Speaking of food, I have been eating very well here! Breakfast is toasted baguette (bought fresh every day from one of two bakeries around the corner – one is open on weekends and one is open on weekdays so that you can always get bread!) with butter, jam, or honey and coffee or tea. Lunch I eat out or at school. Dinner is some sort of veggie (radishes with a touch of butter and salt – SO good, or cucumbers dressed in yogurt and mustard, or just a normal lettuce salad) with an entree like baked eggs, potato gratin, or pan fried turkey. Then we have a cheese course with a bit more bread. I love comte, and the other day we had an amazing goat cheese. Then we have dessert (apple tart, pain d’epices – spice cake, or just yogurt or fruit). I never feel stuffed and I feel less inclined to snack since it’s so well balanced! They do eat more meat here than I am used to at home, but I just go with it because I don’t want to be picky or difficult, plus I prob won’t be able to afford meat very often when I live on my own! Also it’s a good thing I love mustard because that is THE condiment. They put it on everything!
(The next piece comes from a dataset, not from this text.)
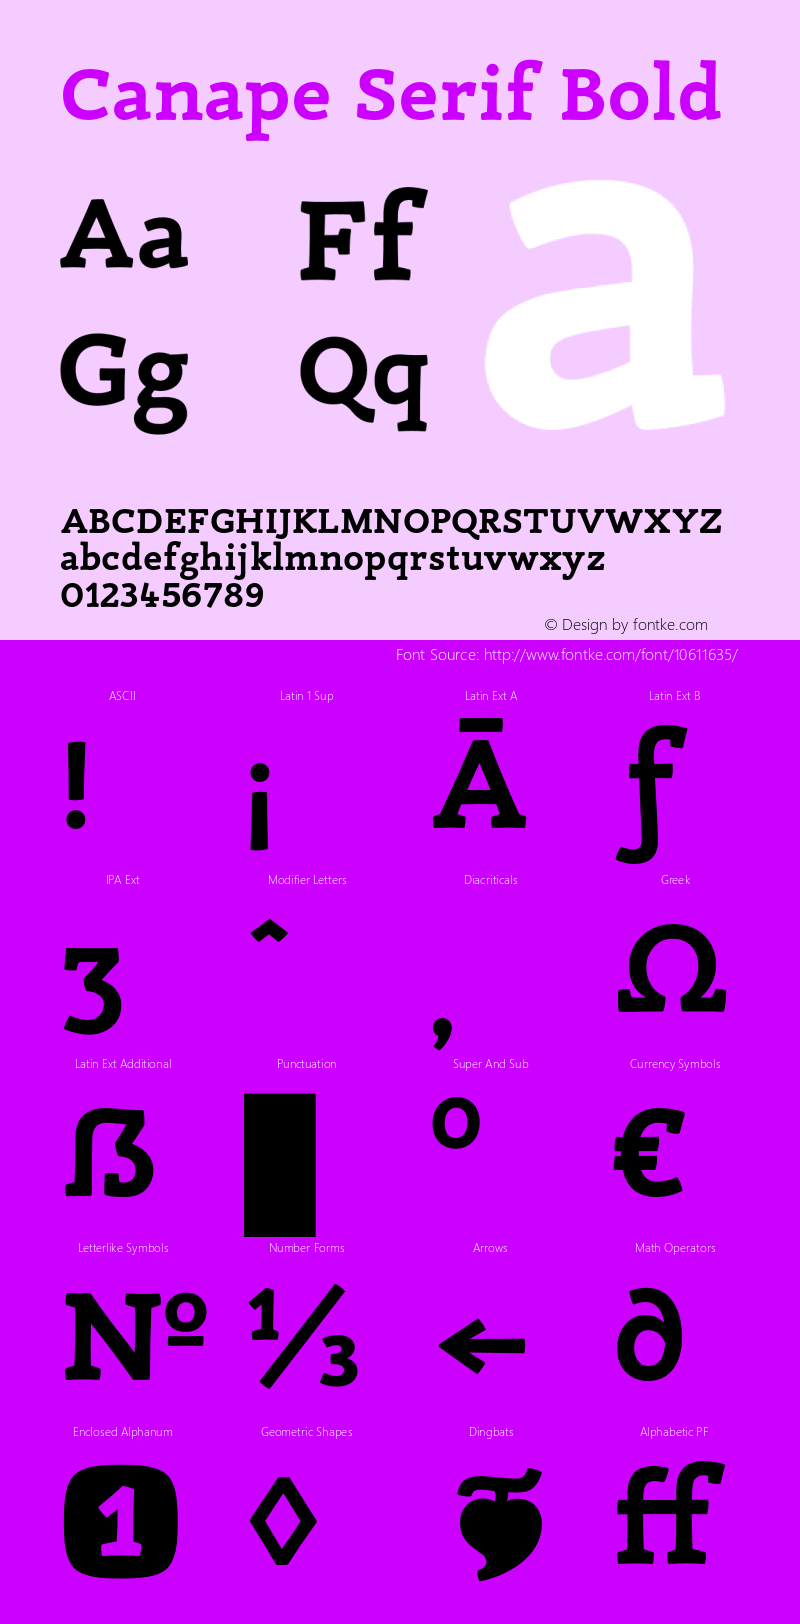 Canape Serif Bold Version 1.000 Font Sample

My favorite French food I have tried yet is creme de marons (chestnut cream). Yesterday we had a full lunch together, complete with cheese course and dessert. We had the creme de marons with les petites suisses which are little 2 inch rolled slabs of the creamiest, richest, densist, well, cream stuff I’ve ever had. It’s hard to explain. It tasted a bit like cream cheese. It was really, really good. The kids love the creme de marons and ate a LOT of it, like how some people eat Nutella by the spoonful! We also had a lovely dessert last night: profiteroles (sort of like doughnuts or creme puffs) with vanilla ice cream inside and chocolate sauce poured on top. Oh. My. God.
I am worried because Myrtille made a comment about me needing to try foie gras and escargots…we’ll see…
Both Myrtille and Fabrice have been really patient with me, by speaking to me in French and letting me be really slow at responding. The kids speak French and I can’t understand them! It happens with a lot of people I speak to. It’s so weird, because I know what words they are saying, like I could write them down in French. But I just can’t connect the dots in my brain fast enough. The other day Gabrielle (the 6-year-old) asked me to pass the water and it took me about 30 full seconds to realize what she had said! I am waiting to have that “click” and just comprehend everything! But I am definitely not there yet. Myrtille is going to give me some French books and I am looking for someone to trade lessons with. I keep trying to remind myself that it has only been 2 weeks, because I just feel SO STUPID. That is one thing about this experience, is that you have to be humble. I know I look really dumb all the time, in public, with the kids, and that’s ok. I am trying! And I will never, ever, EVER judge someone in the U.S. who is struggling with English.
Of course, with all the stress of traveling, moving, and starting these new jobs, I have come down with a cold this weekend. Also, the weather changed from very hot to pretty cold in just a few days. It now feels very much like fall. It’s nice and crisp, but my body is like “what the what?!” so now I am sick. I got some medicine and have been laying low this weekend. Hopefully I will get better soon so I can go out and socialize!
Please send me updates from home! I’d love to keep up with all of you!